At present, lens construction and design is greatly complicated by the need to project a flat image surface onto the usually flat surface of a sensor - simple, single-element lenses project non-flat image surfaces (so-called Petzval surfaces). With this latest work, the scientists have successfully shown the ability to adjust their sensor surface to match the curvature of the image surface being projected by an equally adjustable, fluid-filled lens.

In its paper, the team, led by Professor Yonggang Huang of Northwestern University, Illinois and Professor John Rogers, of University of Illinois at Urbana–Champaign, say: 'This type of technology could be useful for night-vision surveillance, endoscopic imaging, and other areas that require compact cameras with simple zoom optics and wide-angle fields of view.'

 The team's camera is made up of a 16 x 16 pixel CMOS sensor constructed on an elastomeric surface that can be controllably distorted by sucking liquid out of the reservoir underneath it. In its paper, the team combined this with a simple, single-element lens constructed from a clear elastic membrane over a water chamber.

Pumping water into this chamber changes the shape of the lens and hence its magnification, and the sensor surface can then be adjusted to match the shape of the image surface it projects. (images courtesy of J. Rogers, Univ.of Illinois)

Rogers expanded on this when approached by 'Night vision and endoscopy are probably just the most promising initial applications, due to their requirements and cost structures.
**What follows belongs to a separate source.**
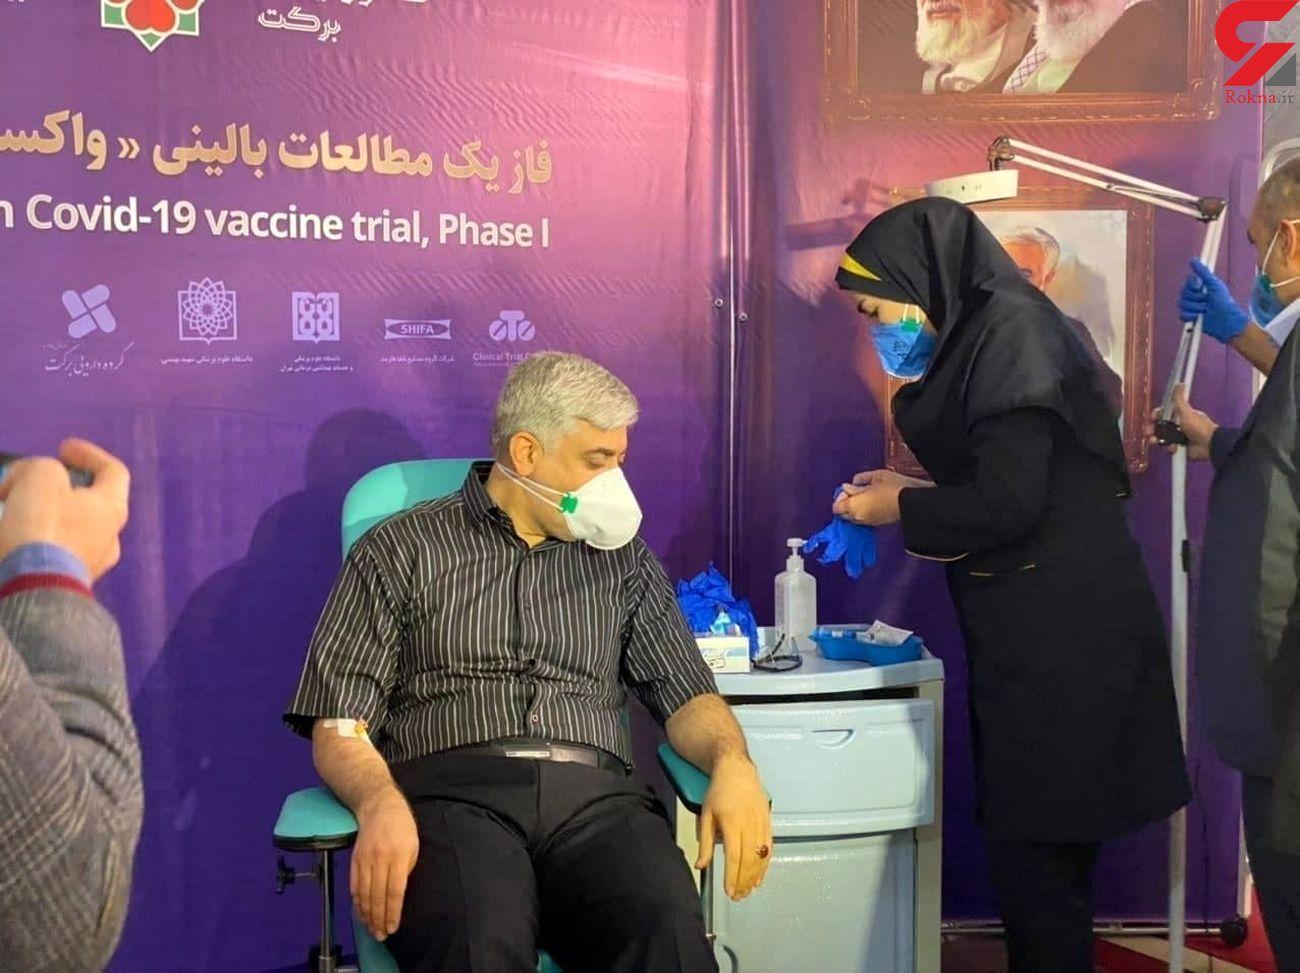 دومین نفری که واکسن کرونا ایرانی را دریافت کرد چه کسی بود ؟ + عکس

A successful development of the technology could, however, allow it to be used in any type of camera.  We have in mind, for example, the use of this technology to achieve ‘studio quality’ imaging in small, cellphone cameras.'

Although not without challenges, he is confident the technology could be applied to commercial devices: 'We feel that the fabrication techniques are scalable, because they build on conventional silicon detector designs.  A substantial amount of engineering effort is needed, however, to take the devices that we have now (few hundred pixels) and scale them into something more commercially relevant (few million pixels).'

He says any such devices are 'a few years out,' but there already is a company (MC10) looking to license and commercialize the technology.

The paper 'Dynamically tunable hemispherical electronic eye camera system with adjustable zoom capability' will be published in PNAS on January 17th.